Someone emailed me recently and told me that the problem with today's kids are that their parents are always on their phones.
Thank you so much Ken from 1800. You probably didn't lift a finger with your own kids because your wife did it all.
Countless times, I've been out somewhere and another mum has said to me: "Oh, look at me, on my phone," guiltily tucking it away in between running around after her kids - who she has spent a morning with at home, whose bums she has wiped, tummies she has filled, bodies she has clothed, and who she has successfully got to a park for some fresh air and a run-around.
Now, excuse me for ignoring all the studies about how parents are ruining their precious kids' lives by touching their mobile phone while they are within 10 kilometres of them, but next time someone tells me it's phones ruining kids today, they are going to get my phone shoved somewhere painful.
I make no apology for being on my phone in front of my kids.
Recently, I went to a swimming lesson and spent the bulk of it on my phone. Another time I read my newspaper, in between glances up and the odd thumbs up.
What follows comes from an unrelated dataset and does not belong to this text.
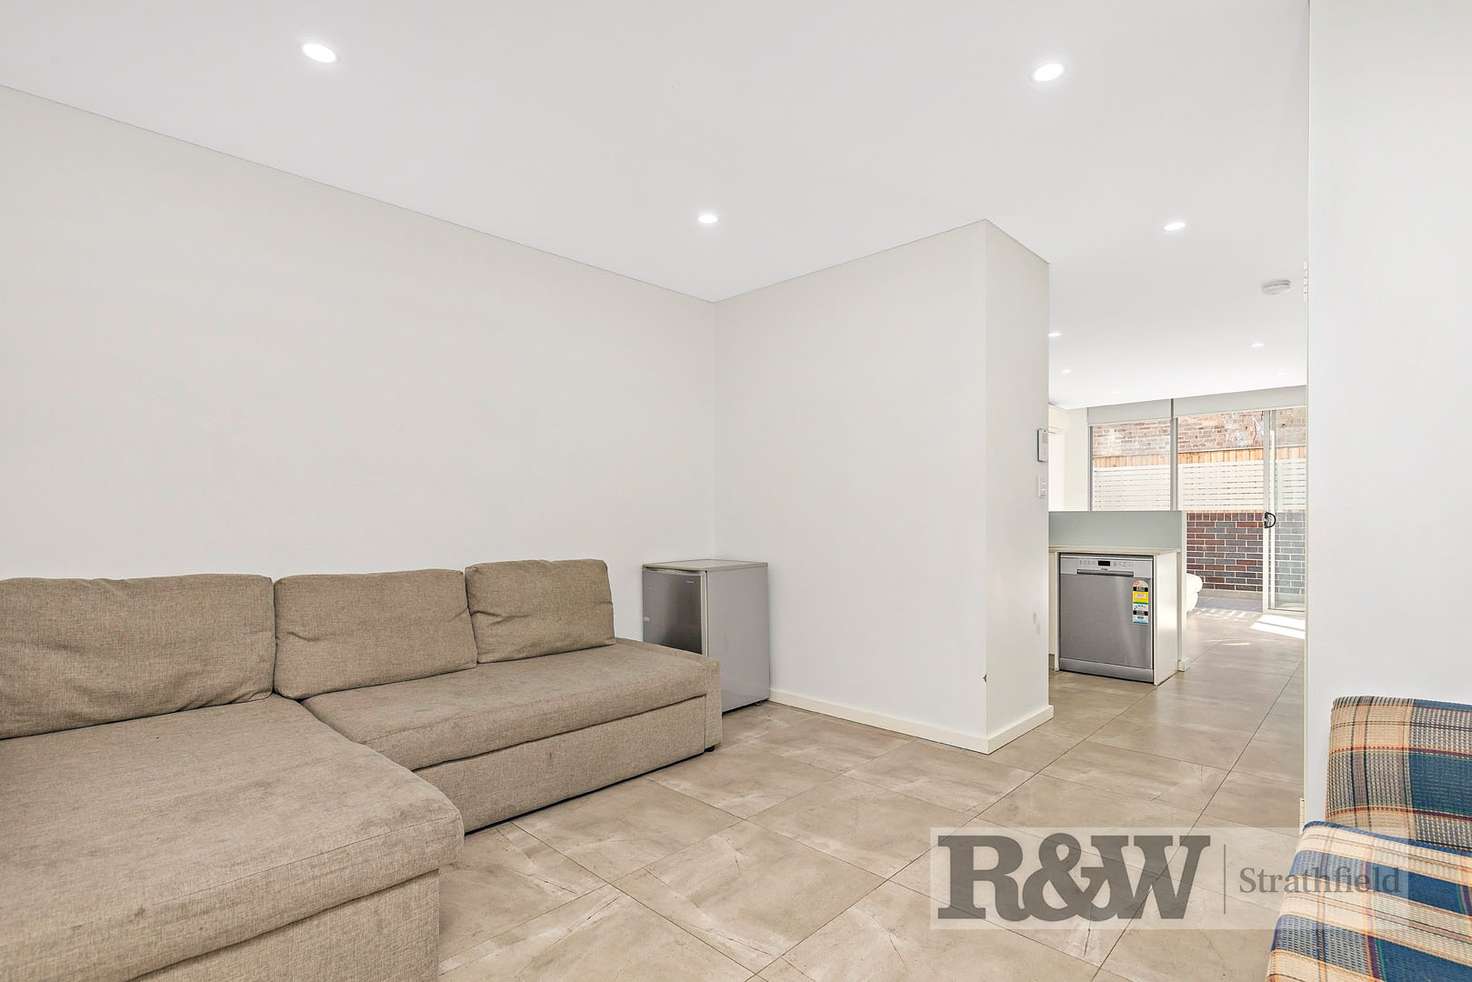 Main view of Homely apartment listing, 4/316 PARRAMATTA ROAD, Burwood NSW 2134

Oh, I wasn't watching my kid for every second of his swimming lesson! His life is ruined because I didn't etch every movement into my memory for eternity!
I am so sick of people making out like you have to watch every second of your kids' lives.
I have seen every milestone. Well, I assume I saw their first steps, maybe it was their second steps and I was on my phone for their first ones. Does it really matter?
I have seen so much of them – including a stack of things I never wanted to see.
Did you know, Ken, I watched my son sing "happy birthday" to his penis while he was in the bath the other night?
Kids these days get more attention than ever. What happened back in your day when parents were so much better, Ken? Your wife couldn't have engaged with your kids all day either, you know, in between washing all the cloth nappies without a washing machine, cooking dinner and sewing clothes and cleaning the house and, you know, somehow surviving without contraception and having a billion children. How much precious time did you really give your kids?
They basically raised themselves and you're judging us for a few minutes on our phone?
Sometimes, as a toddler has an epic meltdown that nothing seems to help, pulling out my phone for a mindless scroll (or hunt for a solution) gives me just enough space to come back to the situation with a new approach.
Sometimes messaging a friend and hearing they are having the same crappy day has been the difference between me snapping or having a meltdown myself.
If I'm at a park with my kids, sometimes I'm there because I've catered to every relentless demand they have had all day.
Sometimes getting outside is the only thing I can think of so I can (semi) ignore them for a bit. So, if you see me on my phone, remember: Maybe I am taking a photo of them and sending it to their dad while he works, or to their grandparents who all live in other regions and only get to see them twice a year.
Perhaps I am paying a bill, or organising another outing my kids will get to enjoy with me more fully "present".
Maybe I am checking my social media which, some days, is my only link from what can be isolating days with kids to the outside world.
Or maybe you could just realise that it's not up to you to care how much I'm on my phone when you're judging me on just a tiny fraction of my day.